My implementation feeds the output of the iterative_denoise_cfg back into itself using the same prompt and starting index in the timesteps array. To stay in the neighborhood of the clean image, I only added a small amount of noise to be denoised, encouraging the SDEdit process to make a series of generally small edits each iteration.

To display the sequence of changes, I created a looping gif with mediapy's show_video function.

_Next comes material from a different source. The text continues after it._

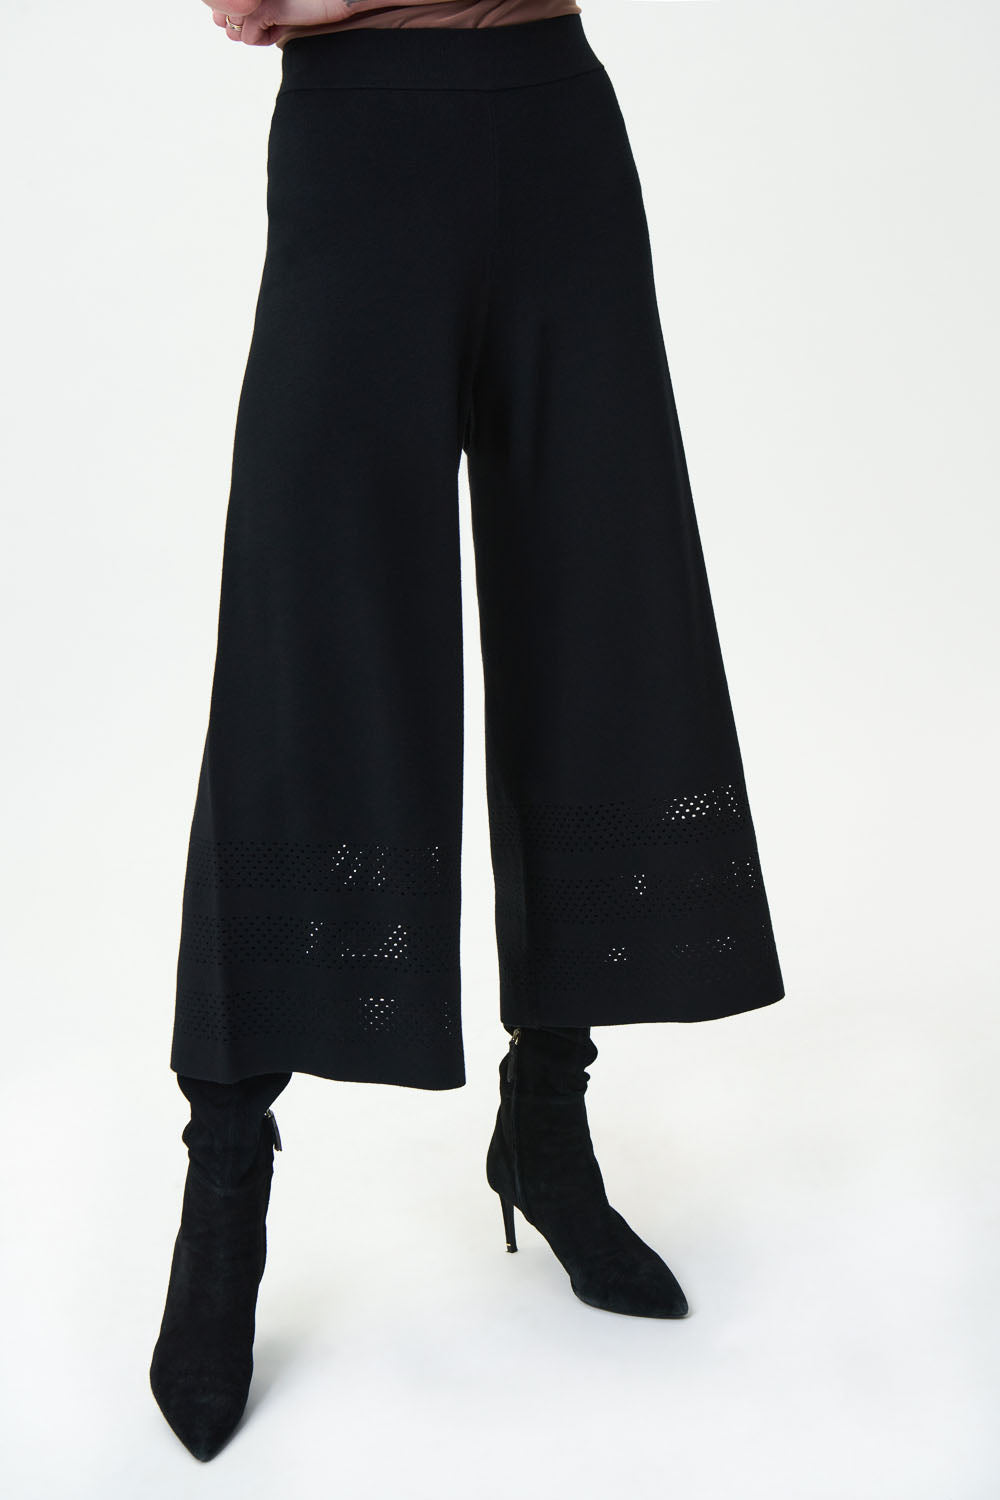 Joseph Ribkoff Black Wide Leg Chiffon Pants Style 223739 – Luxetire

Below are some examples of the process.

Starting_idx ≥ 15

For small initial times, the recursive edit procedure works well for a small number of iterations. However, the diffusion model’s outputs become less and less realistic for later iterations. In particular the outputs generally approach an image with rainbow colors and repeating patterns (the rainbow dimension)

Decent examples
starting_idx=15, prompt='a lithograph of waterfalls’, scale=2
starting_idx=25, prompt='a lithograph of waterfalls’, scale=2
starting_idx=15, prompt="a high quality photo", scale=7
starting_idx=25, prompt='a lithograph of waterfalls’, scale=7

The Rainbow dimension

starting_idx=20, prompt="a high quality photo", scale=7, niters=30

starting_idx=25, prompt='a lithograph of waterfalls’, guidance scale = 2

starting_idx=25, prompt='a lithograph of waterfalls’, guidance scale = 5

starting_idx=15, prompt='a lithograph of waterfalls’, scale=7,

10 ≤ Starting_idx < 15

For these range of starting indices, the model output remains consistently realistic, even for large number of iterations. While the generation process seems to jump away from the initial input image, it does seem to settle into a stable small-editing process after the first few iterations. This may be because the high initial noise level can allow the model to recover from built-up deviations from realism over successive iterations.

prompt='a high quality photo', niters=15, scale=7, start_idx=10

prompt='a high quality photo', niters=15, scale=7, start_idx=13

Part B: Diffusion Models from Scratch!

Part 1: Training a Single-Step Denoising UNet

1.2 Using the UNet to Train a Denoiser

The forward process is used to trace out trajectories from a clean digit to a noisy digit. We train our denoiser by giving it the reversed the trajectory so it can learn how to gradually remove noise from the image. In part 1, we start by training a single-step UNet. In part 2, we implement the iterative version using this forward process.

Figure 3: Varying levels of noise on MNIST digits

1.2.1 Training

1.2.2 Out-of-Distribution Testing

Our unconditional UNet was trained to noise at level $\sigma = 0.5$ . The plots below show the model’s performance denoising images with noise levels it wasn’t trained to handle. As the image gets noisier beyond $\sigma = 0.5$ , the model’s performance gets worse.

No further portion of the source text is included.